Materials and Methods

Setup and general MD

We performed REMD simulations starting from two x-ray structures: DNA-free (closed) and DNA-bound (open) dimeric λ Cro (Protein Data Bank (PDB) ID: 5CRO (17) and 6CRO (14), respectively; Fig. 1). These simulations were used for subsequent analyses. The term “combined trajectory” refers to a set of coordinates from both of these simulations. The asymmetric unit of 5CRO consists of a tetramer of two dimers (chains A-C and chains B-O). Both dimers are relatively similar (0.4 Å Cα RMSD for residues 4–56 of each subunit), and chains A-C were chosen. The missing terminal residues of the x-ray structures were added by alignment with an NMR model (PDB ID: 1COP) (18). Based on the observations from the trajectories started from the x-ray coordinates, a third REMD simulation was run from an NMR model as a control. The seventh reported model was chosen as the starting coordinates for this simulation because it corresponds to the centroid of the largest population from average linkage clustering of the NMR ensemble. Thus, we ran three independent simulations from three sets of initial coordinates (two x-ray structures and one NMR model) to ensure that our conclusions would not depend on the initial conditions.

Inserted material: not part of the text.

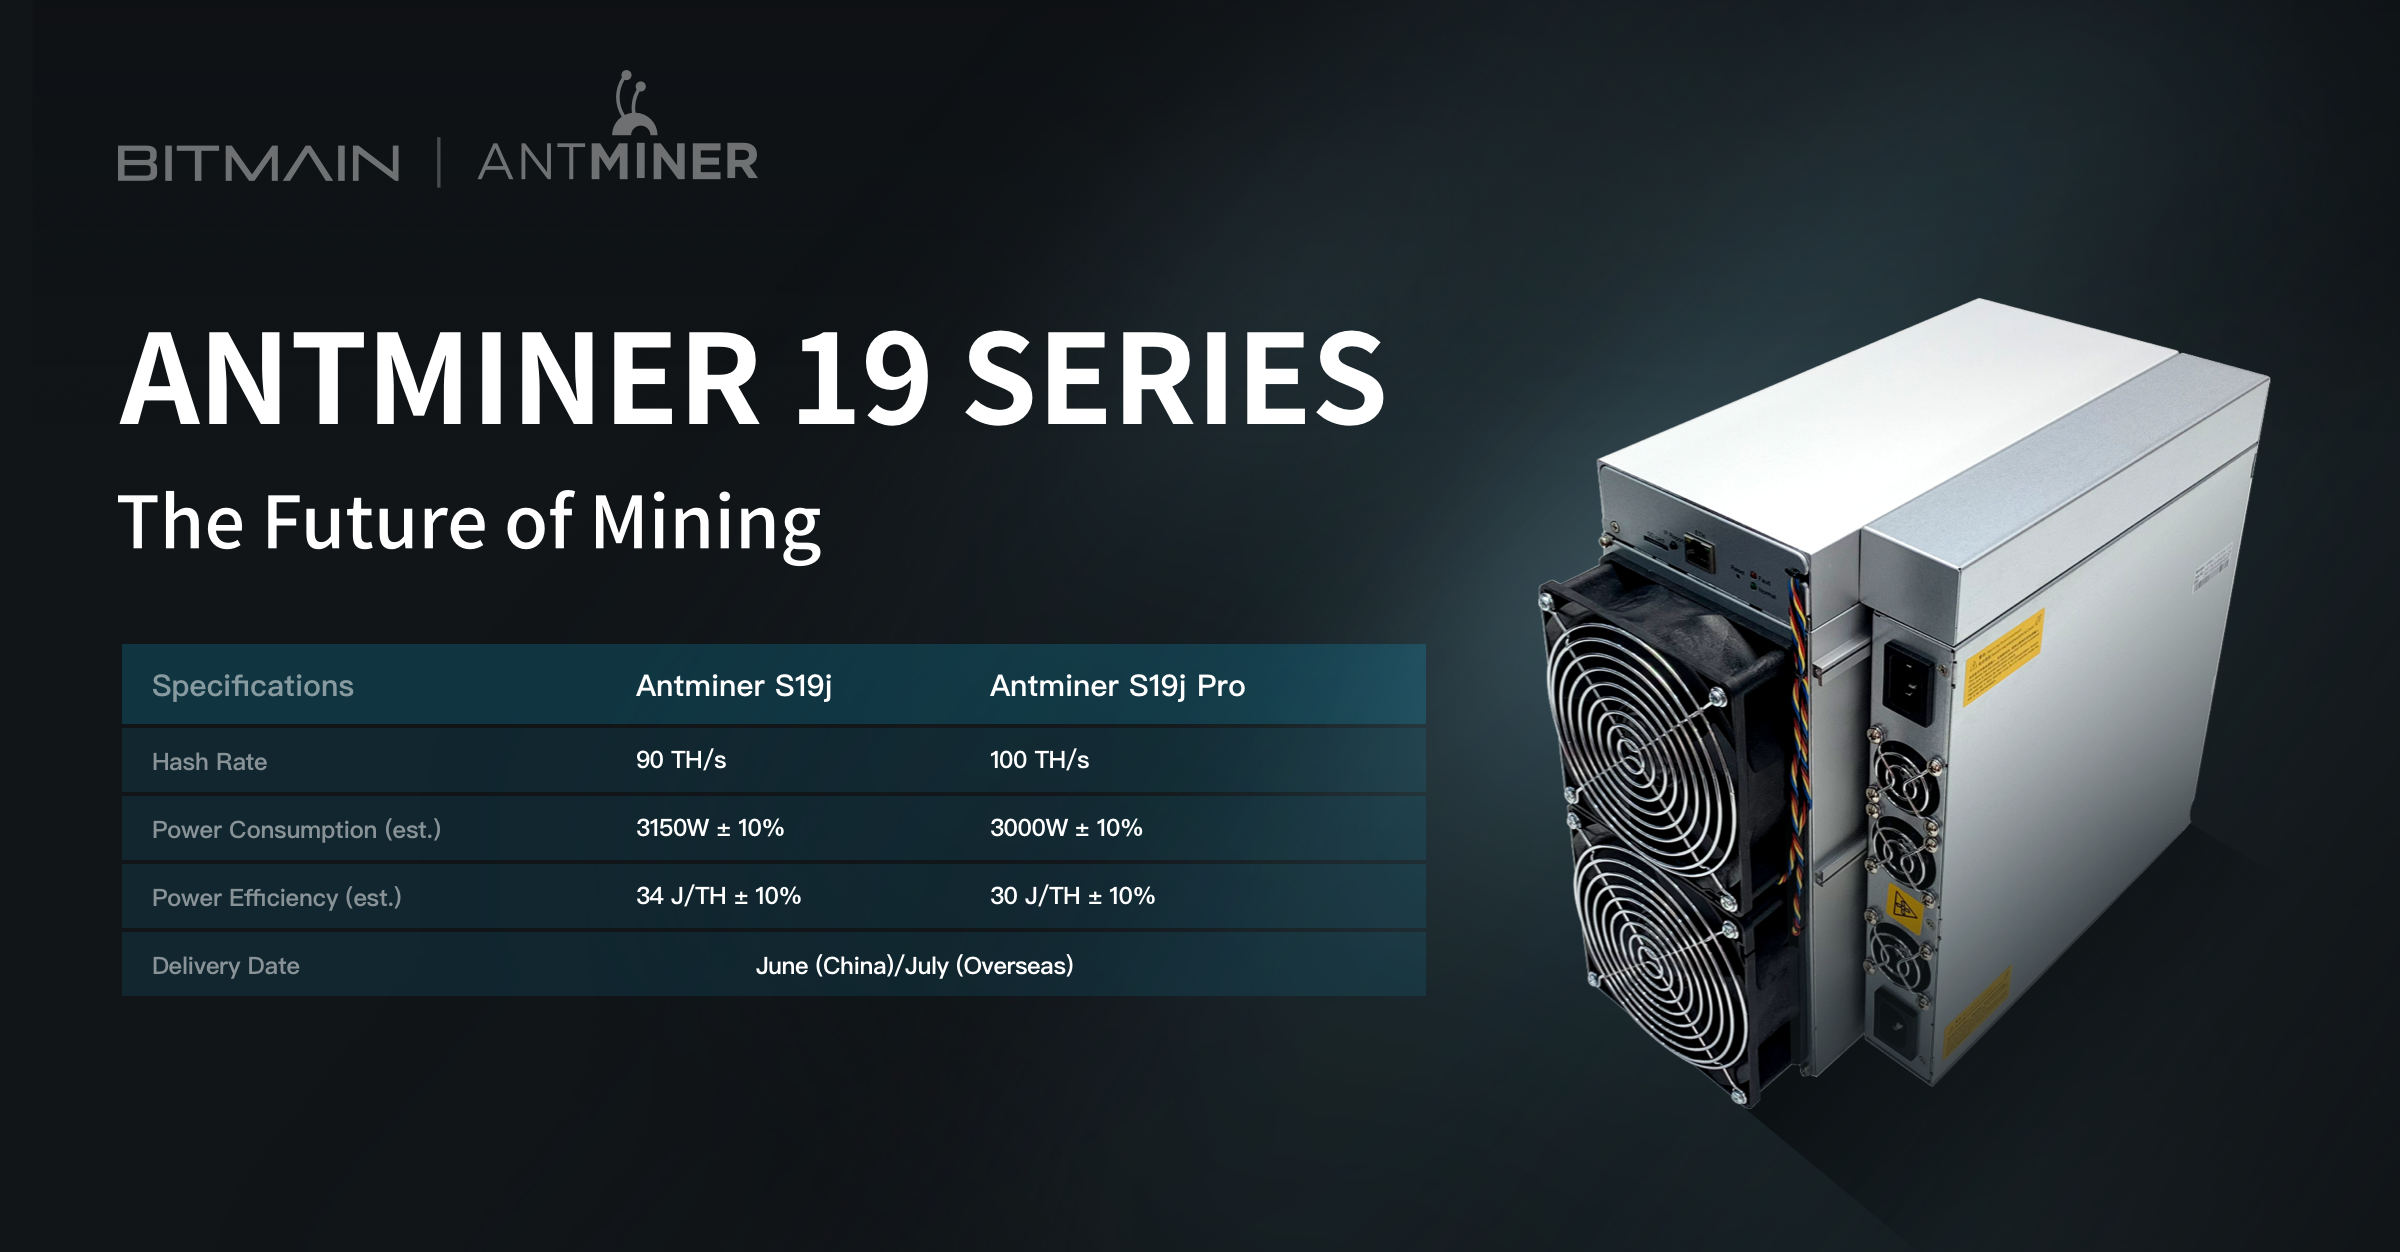 Asic s19 pro. Antminer s19pro 110t. Bitmain Antminer s19 Pro 110th/s. ASIC Bitmain Antminer s19 Pro. Antminer s19 габариты.

Simulations were run using the Amber10 package (21, 22). Each simulated dimer had one neutral histidine (protonated at the epsilon position of the imidazole ring) per subunit and an overall +6 charge. The structures were aligned at the origin in VMD (23) and solvated in a cube of length 77 Å with TIP3P water molecules such that the longest direction of the dimer would always have at least ∼14 Å minimum padding. The systems were neutralized and protonated using tleap (24). The systems with x-ray coordinates contained 14,715 waters and 46,259 total atoms. The system with the NMR model had 14,702 waters and 46,220 total atoms. The FF99SB force field parameter set (25) was used. Energy minimization was performed as previously described (26). An additional minimization step relaxed backbone torsion angles of the added termini, with 500/500 steepest descent/conjugate gradient cycles with harmonic restraints applied to the rest of the protein backbone (500 kcal/(mol · Å²) force constant). The systems were then heated in the NPT ensemble to 300K over 20 ps with nonterminal main chain atoms still fixed. An initial equilibration with no positional restraints was run in the NPT ensemble at 300 K for 200 ps for each system.

REMD

REMD embodies the principles of MD as well as Monte Carlo methods to efficiently sample the conformational space of biomolecules (27, 28). The method combines frequent barrier crossing at higher temperatures with proper Boltzmann statistics at each temperature state. Thus, REMD significantly increases conformational sampling and has shown exceptional capability in studying protein dynamics in implicit (29, 30) and explicit (31, 32, 33) solvent. The algorithm independently runs several identical copies of a system, each of which exists in a unique temperature state. After a short interval of MD, a Monte Carlo step is performed to determine whether neighboring replicas may exchange their temperature states based on a Boltzmann-weighted probability.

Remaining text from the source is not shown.